When we can’t turn around and go back, when we have no choice but to go forward into a place where we do not want to be, when we find ourselves in that place and do not want to be there….
One stretch of the Current River has always been problematic for me and for those with me, either because of the weather that day in storm or miserable heat or some other unexpected development. Below Round Spring to Jerktail Landing is that stretch. Few signs of civilization are evident, and that in itself isn’t a problem as long as the trip is going well. The most redeeming feature of the ten miles is the Courthouse Cave with its beautiful large flow stone near the entrance, but that is only a short paddle below Round Spring. Long relatively straight vistas of the river follow with series of shoals that prove that you are in fact descending steeply into an area where the mountains seem to grow taller by the minute and deeper into wilderness. Beyond Jerktail is an equally long stretch to Two Rivers Landing.
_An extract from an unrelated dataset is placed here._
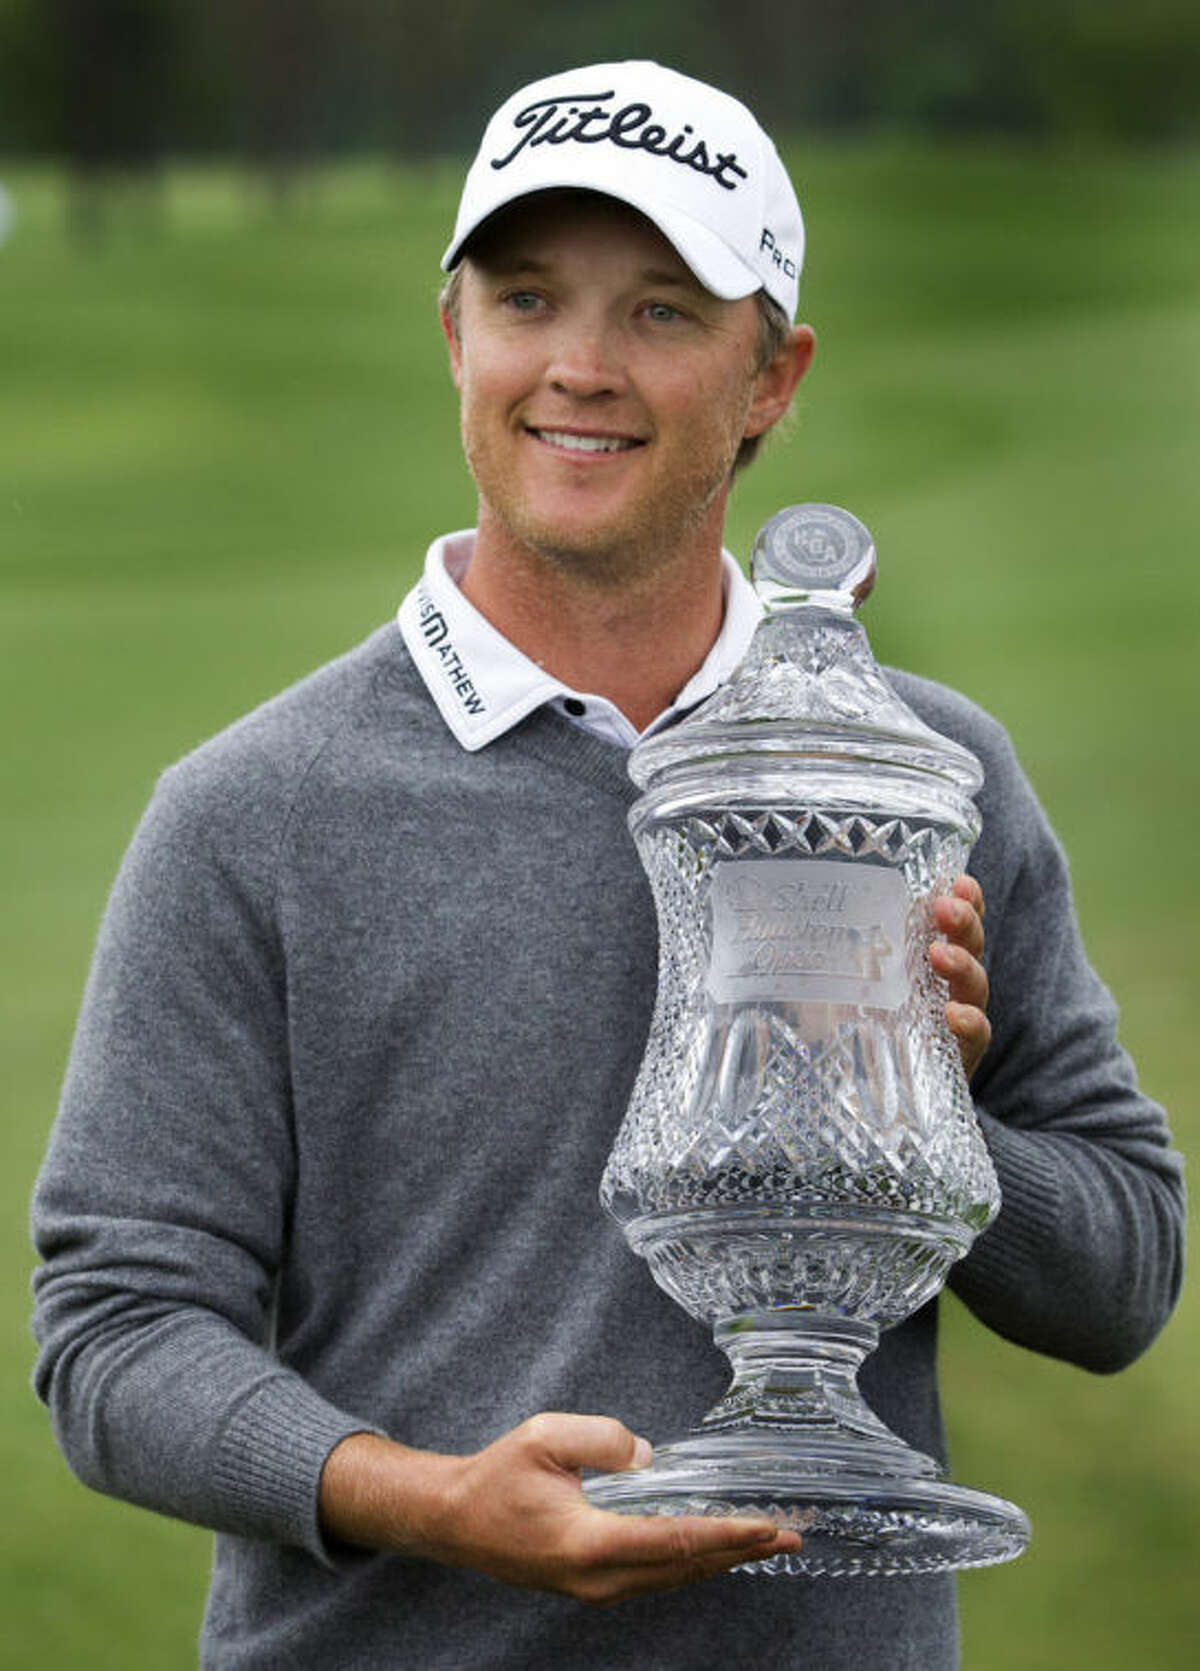 Matt Jones holds the championship trophy after winning the Houston Open golf tournament on Sunday, April 6, 2014, in Humble, Texas. (AP Photo/Patric Schneider)

My partner on one trip was Tom, a big, good-natured youth with a gentle heart. We had started out the day at the tail of ten canoes, but by the time we reached this stretch we were in the lead of many tired canoers, trying to set a pace that would get us to Jerktail Landing before dark. He had worn flip-flops, against my advice, and had lost one of them when we were collecting the gear from one of the overturned canoes of people in another group along the way, so his tender feet were suffering every time we had to find our way through the shoals and his weight meant that we had to step out of the canoe frequently onto the rocky river bottom.
We had set our take-out for Jerktail Landing, although this was the first time for the new Shannondale Director Jeff Fulk to go to Jerktail. The ten mile bus ride (towing the canoe trailer behind) down the narrow , winding, rutted gravel ridge road down to Jerktail Landing was no fun for him and his two young sons with him. After paddling all day we were all-in when we arrived at the large peninsula rockbar that was Jerktail, and the canoe behind us was just within sight. Our ten canoes were probably stretched out along the river about half a mile. Jerktail itself is more barren and desert-like and larger than any other rockbar on the river, and we had to paddle several hundred yards around the rockbar to reach the Landing. Right away when we reached the Landing, Tom and I were relieved to see the Shannondale bus, but we noticed that no one was standing around it. In fact the Landing appeared to be deserted until we saw some people at a distance standing and pointing toward the river shore.
Then we saw what they were pointing at—the largest diamondback rattlesnake I have ever seen , basking in the sun at the edge of the river in the middle of the landing area. It looked to me like it was big enough to be a python but it was unmistakably a diamondback rattlesnake, something I never expected to see nor hope ever to see again in the Ozarks. We did not approach the Landing but found a calm spot near the opposite bank to wait for the other canoes, wondering what we would do if the rattlesnake did not move.
We waited for a while until the snake decided to move, and it gradually made its way along the shore until well clear of the landing area before Tom and I and all of the rest of the canoes ventured to make our way toward the landing, and before Jeff and his sons left the security of the bus. It had only been a few minutes but, as time goes, it had seemed like hours.
Some years later Jeff told me that he had never made arrangements with another group for taking out canoes at Jerktail Landing. Nor did I ask for it.